Pitch Symmetry in Martin Bresnick's "My Twentieth Century" and "Meden Agan" for Chamber Ensemble
Fromm, Mark (2012) Pitch Symmetry in Martin Bresnick's "My Twentieth Century" and "Meden Agan" for Chamber Ensemble. Doctoral Dissertation, University of Pittsburgh.
The analysis component of this dissertation focuses on the pitch world and harmonic language in Martin Bresnick’s "My Twentieth Century" for sextet. The surface-level harmony consists solely of major and minor triads, while the underlying structure relies on a pitch-class axis of symmetry.
Bresnick crafts a pitch world that balances diatonicism with pitch symmetry by unifying salient aspects of both. First, he uses a four-note diatonic segment ([0 2 3 5] or tone-semitone-tone) as his primary melodic unit. He then builds chord progressions from such segments using only major and minor triads; this creates phrases that each contain exactly four chords. To derive a harmonic progression for the consequent phrase, he takes the pitch-classes from the initial four-chord phrase and reflects them about a C# - G axis of symmetry. Finally, he adds drone pitches on C# and G, serving as aural reference points and making the axis of symmetry explicit.

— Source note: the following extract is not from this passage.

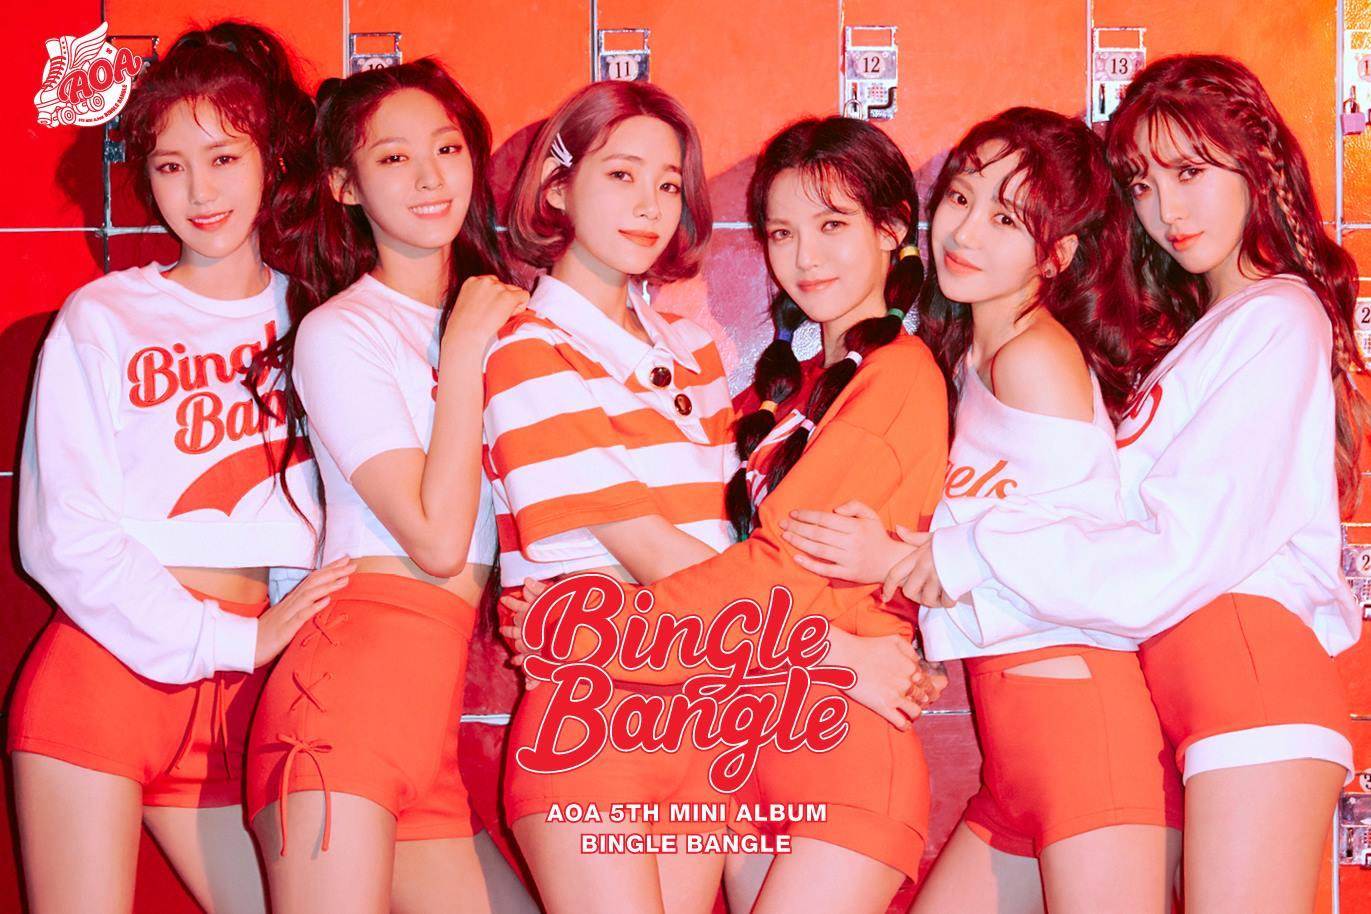 Cherry Bullet 也是 FNC 繼2012年推出女團 AOA後,睽違六年再次推出新女團,讓粉絲都感到相當期待

By choosing to use reflected pitch structures sequentially rather than simultaneously, Bresnick avoids mirrored melodies in which two voices begin in unison, move equal distances in contrary motion, and return to the starting pitch. (Such melodies are common to the symmetrical structures found in works of Bartók and Ligeti.) Instead, by creating a series of four triads in one phrase and then reflecting those triads in the next phrase, he creates an audible link between the two without simple transposition, inversion, or retrogression.
This paper is an in-depth analysis of "My Twentieth Century," focusing on pitch symmetry and harmonic language. Bresnick’s adherence to his plan is so rigorous that the analysis accounts for every pitch in the piece.
The composition component of this dissertation, Meden Agan for chamber ensemble, explores the idea of creating two disparate musical ideas and amalgamating them as the piece unfolds. The title derives from the Ancient Greek idea of balancing the Dionysian (excess) and the Apollonian (moderation). Musically this unfolds by alternating episodes of wild, heterophonic woodwind-led music with calm, exacting polyphony led by the strings. Gradually, each group takes on ideas of the other until they are fused and indistinguishable in the end.